There are dozens of classification algorithms for record linkage. In this example, several classification examples are showed. For these example, the [Krebs register](http://recordlinkage.readthedocs.org/en/latest/reference.html#recordlinkage.datasets.krebsregister_cmp_data) (German for cancer registry) dataset is used found in the [recordlinkage-datasets package](https://github.com/J535D165/recordlinkage-datasets). Be sure that this package is installed before trying the examples below. The Krebs register dataset contains comaprison vectors for which is known if the records belong to the same entity or not (so if they match or are distinct). This was done with a massive clerical review.

## Introduction
First, import the recordlinkage module and the Krebs register data. 

In [1]:
import recordlinkage
from recordlinkage.datasets import krebsregister_cmp_data

In [2]:
krebs_data, krebs_match = krebsregister_cmp_data(block=range(1,11))
krebs_data.head()

Unnamed: 0_level_0,Unnamed: 1_level_0,cmp_firstname1,cmp_firstname2,cmp_lastname1,cmp_lastname2,cmp_sex,cmp_birthday,cmp_birthmonth,cmp_birthyear,cmp_zipcode
id1,id2,Unnamed: 2_level_1,Unnamed: 3_level_1,Unnamed: 4_level_1,Unnamed: 5_level_1,Unnamed: 6_level_1,Unnamed: 7_level_1,Unnamed: 8_level_1,Unnamed: 9_level_1,Unnamed: 10_level_1
49,6439,0.142857,,0.0,,1,1.0,1.0,1.0,0.0
79667,83449,1.0,,0.25,,1,0.0,0.0,1.0,0.0
51539,59550,0.166667,,0.1,,0,1.0,1.0,1.0,0.0
63018,66603,1.0,,0.0,,1,0.0,1.0,0.0,0.0
56779,79443,1.0,,0.166667,,1,0.0,0.0,1.0,0.0


The dataset contains 5749132 compared record pairs and has attributes first name, last name, sex, birthday, birthmonth, birthyear and zipcode.

In [3]:
krebs_data.describe()

Unnamed: 0,cmp_firstname1,cmp_firstname2,cmp_lastname1,cmp_lastname2,cmp_sex,cmp_birthday,cmp_birthmonth,cmp_birthyear,cmp_zipcode
count,5748125.0,103698.0,5749132.0,2464.0,5749132.0,5748337.0,5748337.0,5748337.0,5736289.0
mean,0.7129025,0.900018,0.3156278,0.318413,0.9550014,0.2244653,0.4888553,0.2227486,0.005528661
std,0.3887584,0.271318,0.3342336,0.368567,0.2073011,0.4172297,0.4998758,0.416091,0.07414915
min,0.0,0.0,0.0,0.0,0.0,0.0,0.0,0.0,0.0
25%,0.2857143,1.0,0.1,0.0,1.0,0.0,0.0,0.0,0.0
50%,1.0,1.0,0.1818182,0.166667,1.0,0.0,0.0,0.0,0.0
75%,1.0,1.0,0.4285714,0.375,1.0,0.0,1.0,0.0,0.0
max,1.0,1.0,1.0,1.0,1.0,1.0,1.0,1.0,1.0


The number of links in the data is:

In [4]:
len(krebs_match)

20931

Most of the classifiers in the ``recordlinkage`` package can not handle missing values in the comparison data.
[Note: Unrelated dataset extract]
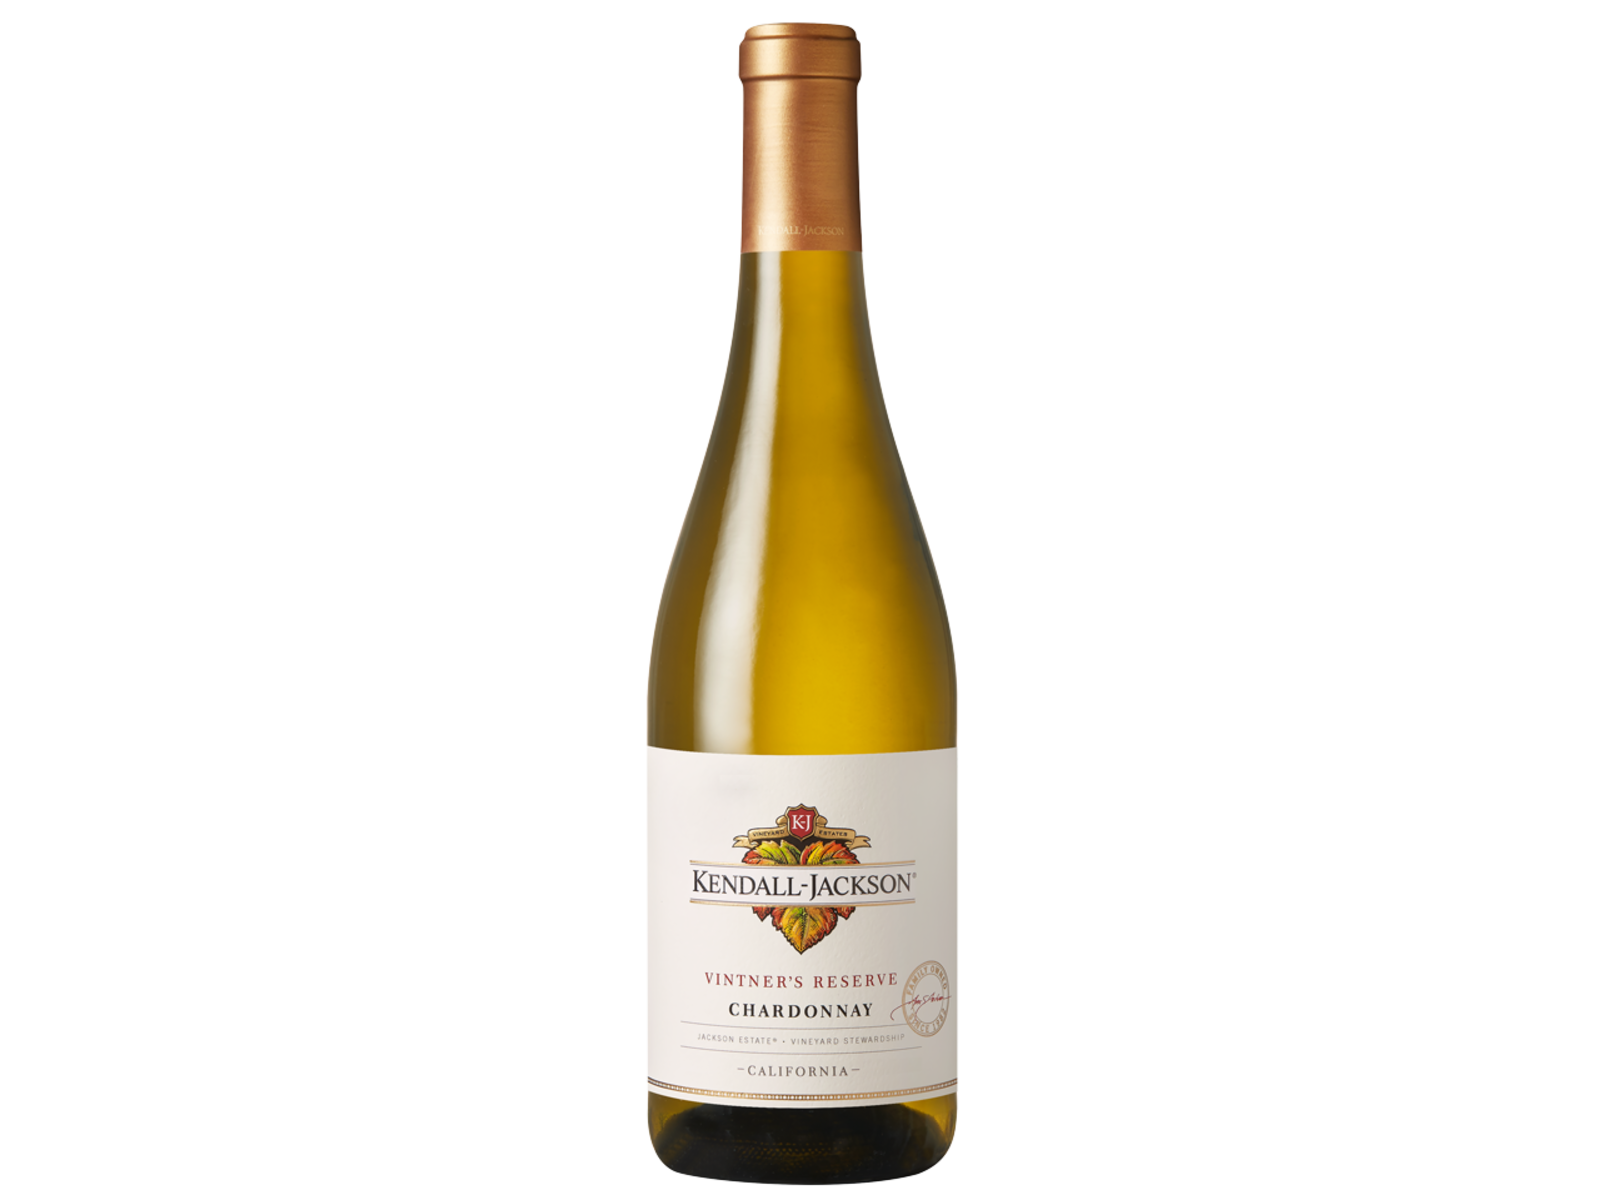 Kendall Jackson Kendall-Jackson Vintner's Reserve Chardonnay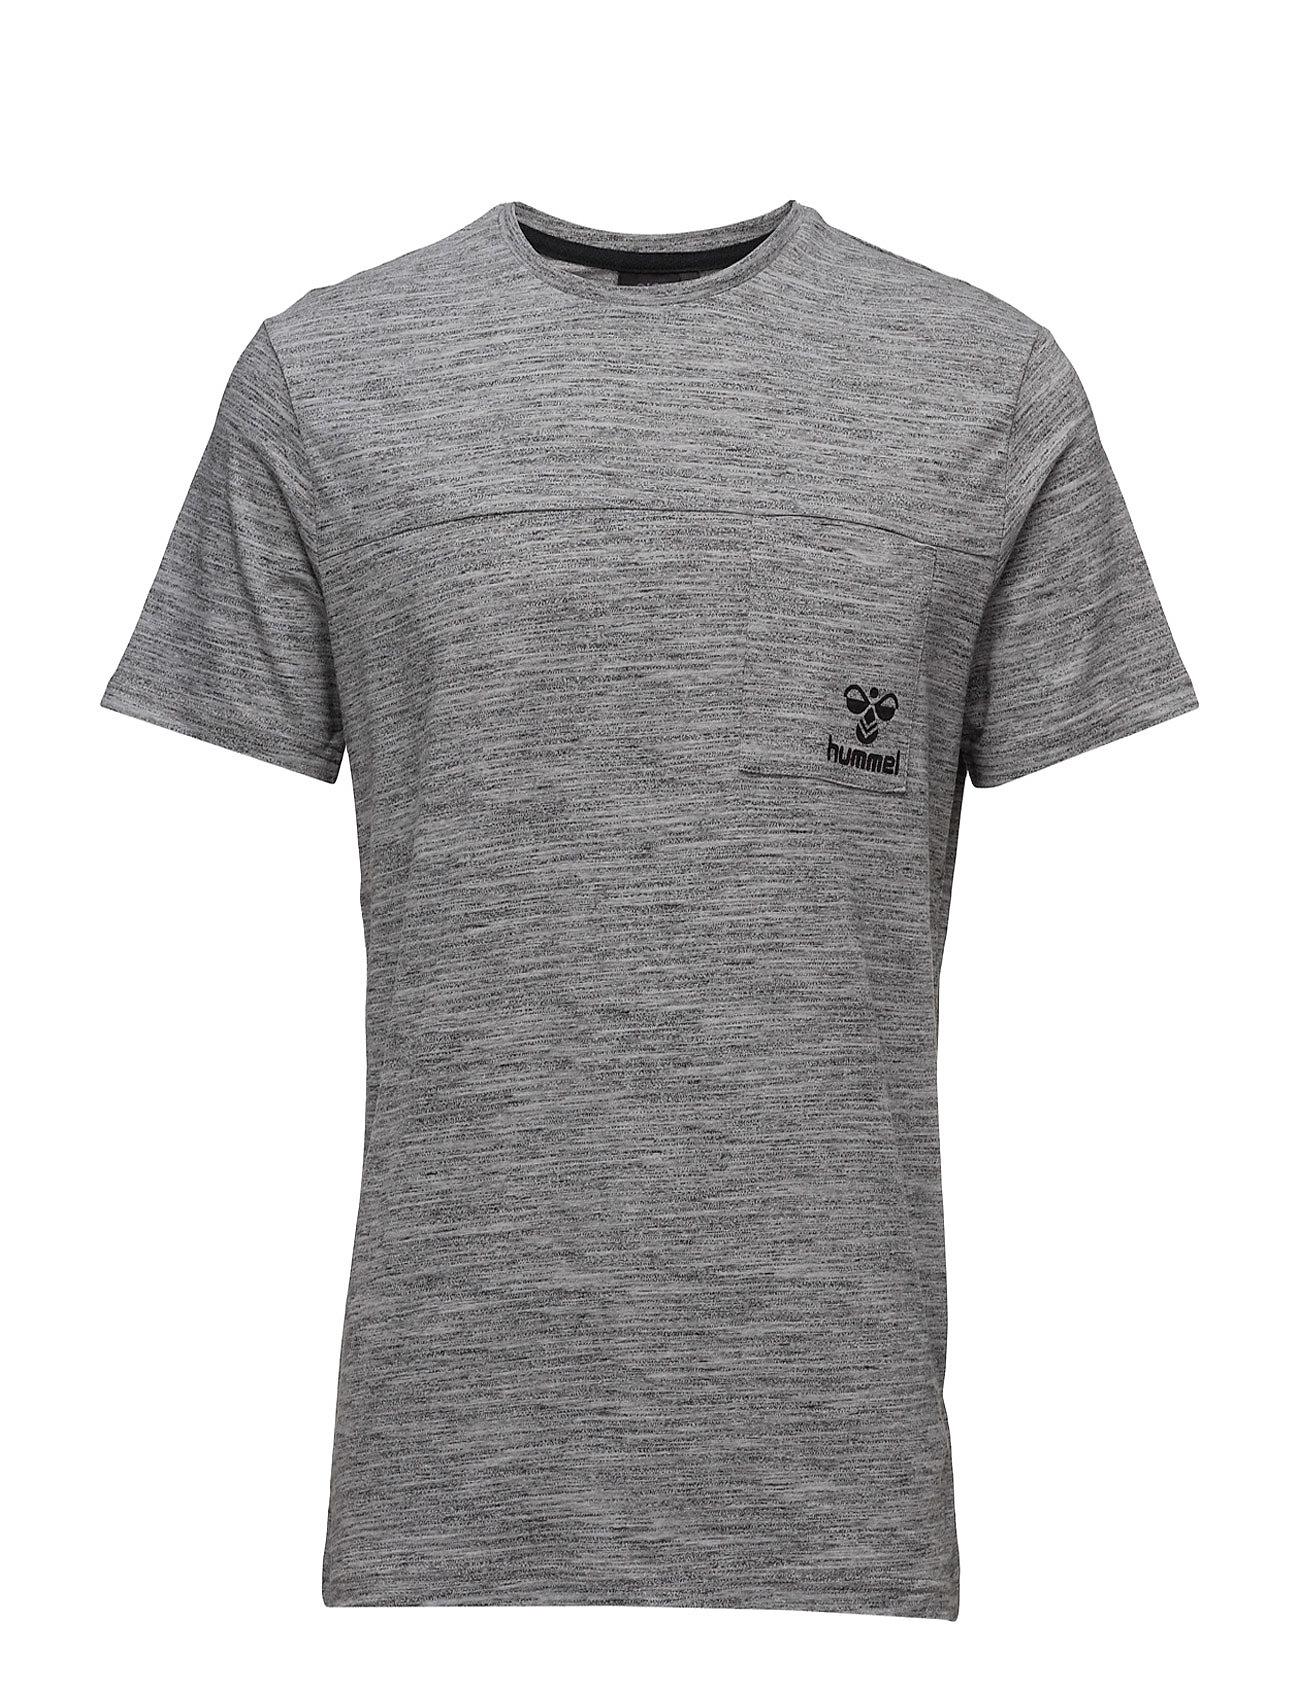 Classic Bee Willum Ss Tee Hummel Løbe t-shirts til Herrer i Grey Melange

In the krebsregister dataset, two features are nearly always missing (cmp_firstname2 and cmp_lastname2). Also the other features are sometimes missing. To prevent issues with the classification algorithms, a widely used method is to declare missing values as disagreeing comparisons. So, use the power of ``pandas`` to replace the missing values quickly:

In [5]:
krebs_data.fillna(0, inplace=True)

## K-means classifier

The K-means clustering algorithm is well-known and widely used in big data analysis. The K-means classfier in the ``recordlinkage`` package is configured in such a way that it can be used for linking records. For more info about the K-means clustering see [wikipedia](https://en.wikipedia.org/wiki/K-means_clustering). 

In [6]:
kmeans = recordlinkage.KMeansClassifier()
result_kmeans = kmeans.learn(krebs_data)

type(result_kmeans)

pandas.indexes.multi.MultiIndex

The classifier is now trained and classified the comparison vectors. 

In [7]:
conf_kmeans = recordlinkage.confusion_matrix(krebs_match, result_kmeans, len(krebs_data))
conf_kmeans

array([[  20797,     134],
       [ 350725, 5377476]])

In [8]:
# The F-score for this classification is
recordlinkage.fscore(conf_kmeans)

0.10598466567971196

## Logistic regression

For this example, consider that the true match status of the first 5000 record pairs is known. 

In [9]:
golden_pairs = krebs_data[0:5000]
golden_matches_index = golden_pairs.index & krebs_match

The logistic classifier can be called in the same way as the k-means clustering algorithm. The only difference is now that the golden data is used for learning the algorithm. 

In [10]:
# Train the classifier
logreg = recordlinkage.LogisticRegressionClassifier()
logreg.learn(golden_pairs, golden_matches_index)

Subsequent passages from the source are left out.